Thanks! Glad you enjoyed it. 



AK74Bob said:


> Anyway I have a question regarding the new omnibus _Thunder & Steel_. Are the novels in it all connected (like all the Black Library omnibuses I'm used to)? Or are they stand alone novels with different characters and whatnot? I haven't read these individual novels by Abnett yet so just wondering. BTW the noves included are: _Gilead's Blood_, _Hammers of Ulric _and _Riders of the Dead_; and some short stories.


I'm reading this for the first time myself (Riders of the Dead atm). Aside from the stories themselves, they're interesting for the light they cast on to a slighter earlier incarnation of Warhammer. Although there's no explicit connection between the different stories (as far as I can tell), I'm enjoying the vision of the Old World that they present.


----------



## Chris Wraight (Jun 4, 2010)

Bane_of_Kings said:


> I've read both of them, and they're all great reads .

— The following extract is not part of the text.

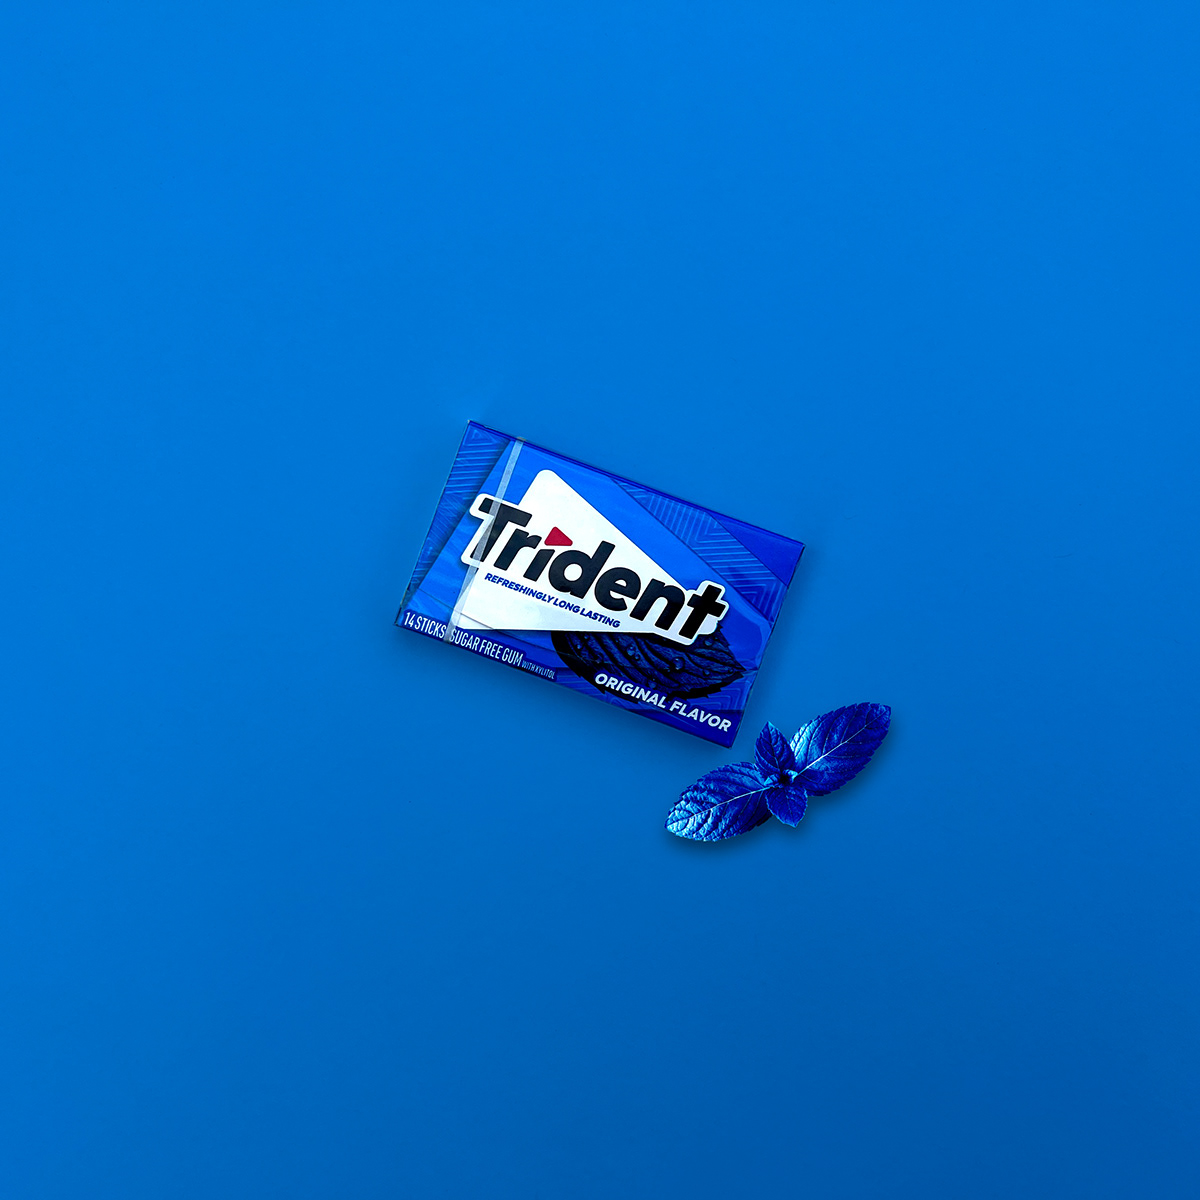 Trident Gum Trident gum Packaging product design  Advertising

Did they make sense, the wrong way round? :grin:


----------



## Bane_of_Kings (Oct 28, 2009)

Yeah , oh by the way, thanks for putting my review on your blog :victory:


----------



## Sacred Feth (Jan 13, 2011)

I'm almost finished _Sword of Justice_ and I'm really loving it. My copy of _Sword of Vengeance_ is sitting on my shelf to be read when I'm done 

Regarding T&S:


Gilead’s Blood: follows the saga of the doom-laden high elf, Gilead Lothain. Along with his faithful retainer Fithvael, Gilead, shadowfast warrior and the last of the line of Tor Anrok, travels the Warhammer world seeking revenge on the servants of Evil.

Hammers of Ulric: Dark powers gather around the ancient mountain-top city of Middenheim. Only the noble Templars of Ulric and a few unlikely allies stand to defend her against the insidious servants of Death.

Riders of the Dead: In the Chaos-infested wastes, the strongest of friendships can easily be manipulated into the deadliest of rivalries.

Far to the north of the Empire lies the dreaded Chaos Wastes, a dark landscape permeated by the corrupting magic of Chaos and home to the servants of the Dark Gods. Standing between this gateway to hell and the civilised world lies the frozen land of Kislev, bastion against the rising tide of evil.

Two Empire soldiers get their first taste of battle as they join the campaign to repel the savage Northern Tribes. As the winter draws in, the last major battle sees their destinies thrown into turmoil as circumstances tear them apart and throw them onto opposite sides.

Such is the mutating power in this dark and terrible land that the strongest of friends can soon become the bitterest of enemies. As they race towards a final cataclysmic showdown the fate of their souls will be sealed forever.


----------



## AK74Bob (Oct 2, 2010)

Thanks for the info brothers!


----------